I find this accurate and useful when transferred to the scene of experimental poetry today, if by "experimental poetry" we mean that poetry which feels "constrained by history to deal with the most advanced musical [poetic] material available. The 'musical material' does not mean the state of musical technology [that is, the most advanced techniques, borrowed from the Language poets or whomever], although that is not irrelevant to it, but rather was has alraedy been created for musical experience that is not eroded. In other words, it is what provides the experience of increasing freedom, openness, newness—what most demythologizes musical [poetic] conventions that were formally accepted without question" (33). While I feel sympathetic to those who demand more emotion from contemporary poetry, for some sort of newly sincere lyricism, I can't help but wonder if what's really being asked for is the familiar: emotion recognizable as such because it's delivered in a package whose novelty is entirely and deliberately superficial. Maybe it would be useful at this point to distinguish between emotion and affect: I can't pick up a magazine right now without reading poems clearly inscribed by or triggered by some sort of emotion, but what's comparatively rare are poems that register a palpable affect of fear, delight, affection, etc.

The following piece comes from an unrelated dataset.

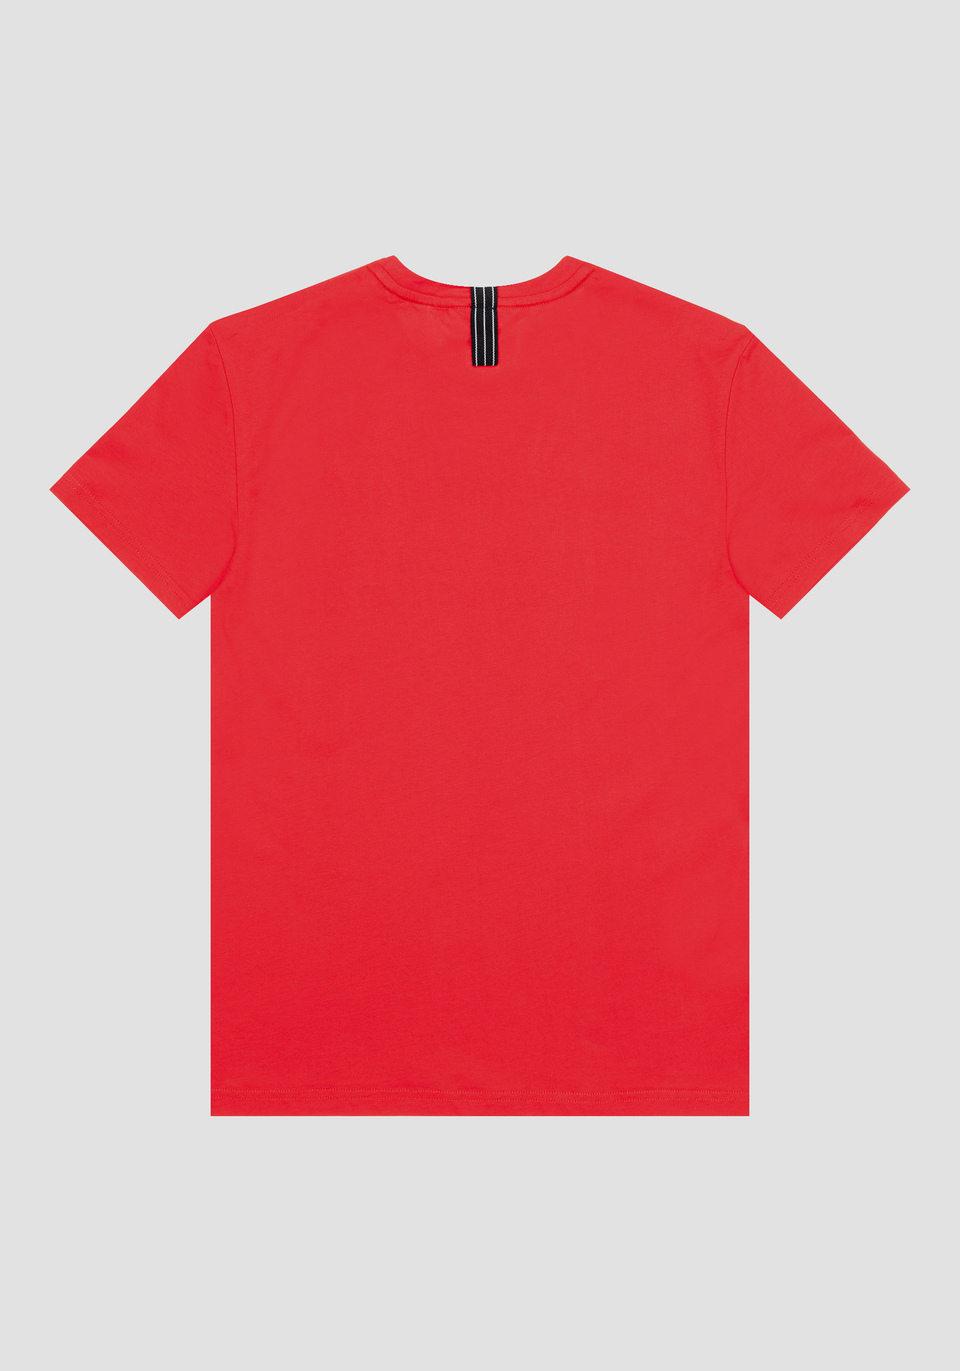 SLIM FIT T-SHIRT IN SOFT COTTON WITH PRINT - Antony Morato Online Shop
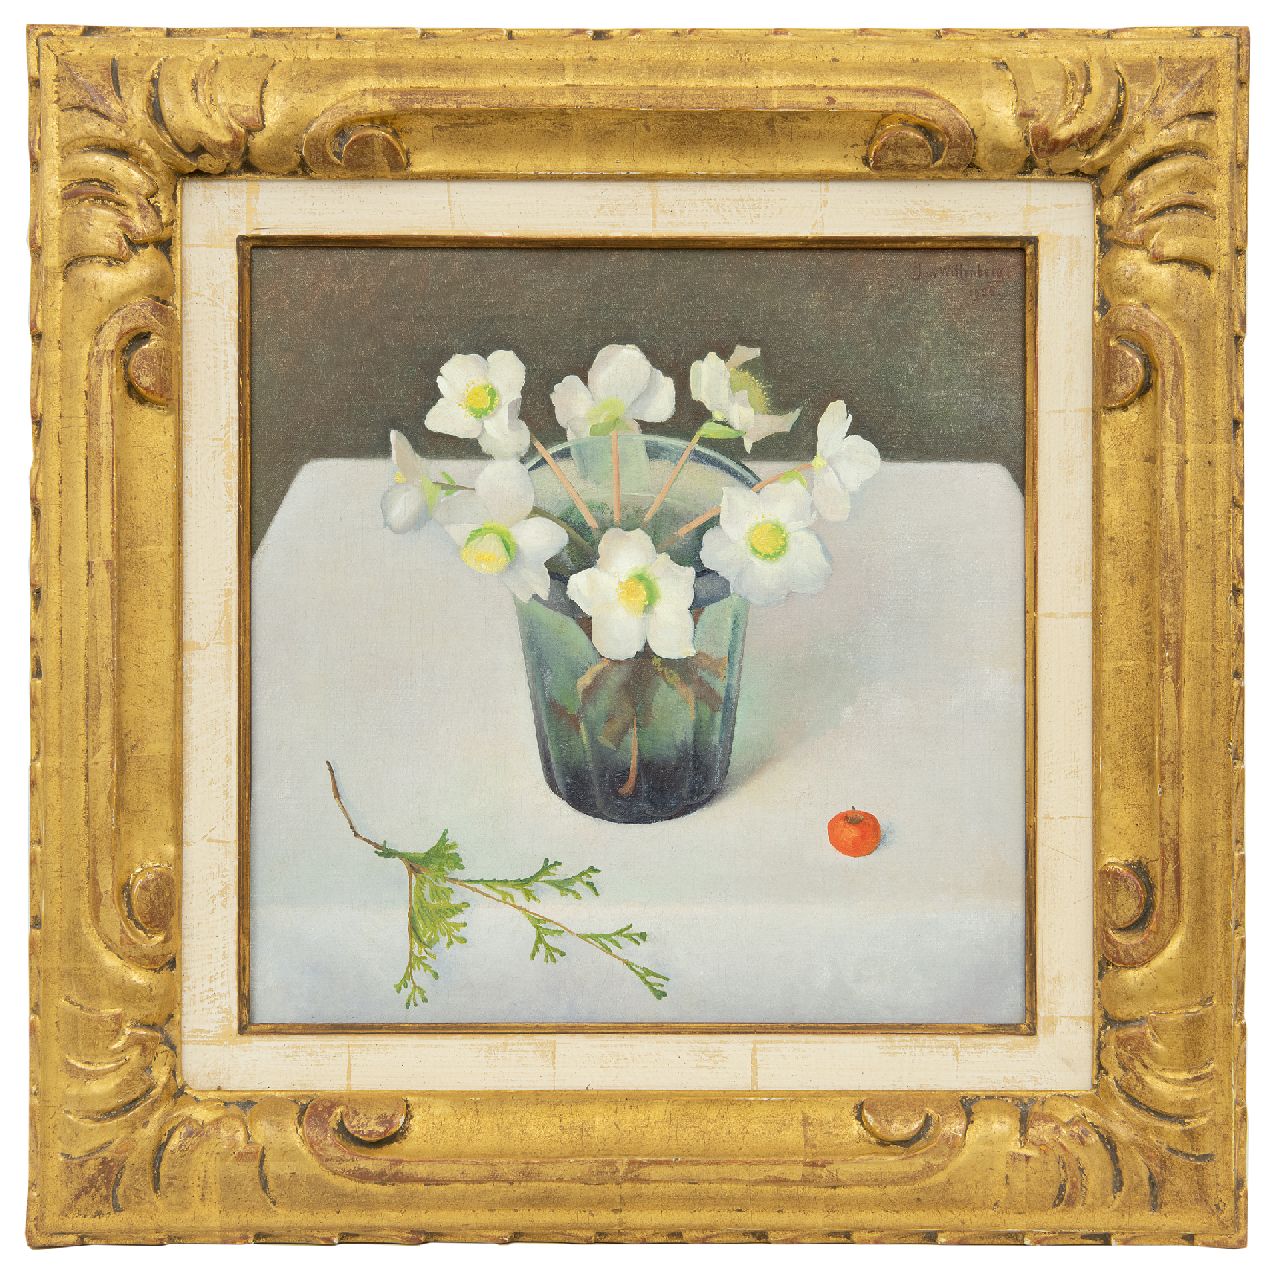 Wittenberg J.H.W.  | 'Jan' Hendrik Willem Wittenberg, A still life with white Helleboris, oil on canvas 30.7 x 30.5 cm, signed u.r. and dated 1938

What I'd like to see more of is a poetry based on the twin value-streams of obligation to its historical moment and the pursuit of increased freedom, but whose urgency and reason for being or reason for address (its occasion) carries an affective whallop. I want to be moved, but not necessarily in a familiar or comfortable direction. Kent Johnson's Lyric Poetry After Auschwitz is affective in this way (and let me also parenthetically point toward this excellent review of the book); other recent affective books that come to mind include Ben Lerner's justly praised The Lichtenberg Figures, Juliana Spahr's This Connection of Everyone with Lungs, Jennifer Moxley's technically unrecent Often Capital—poets whose ambition is underwritten by urgency and who actually succeed in transmitting that urgency, moving at least this reader.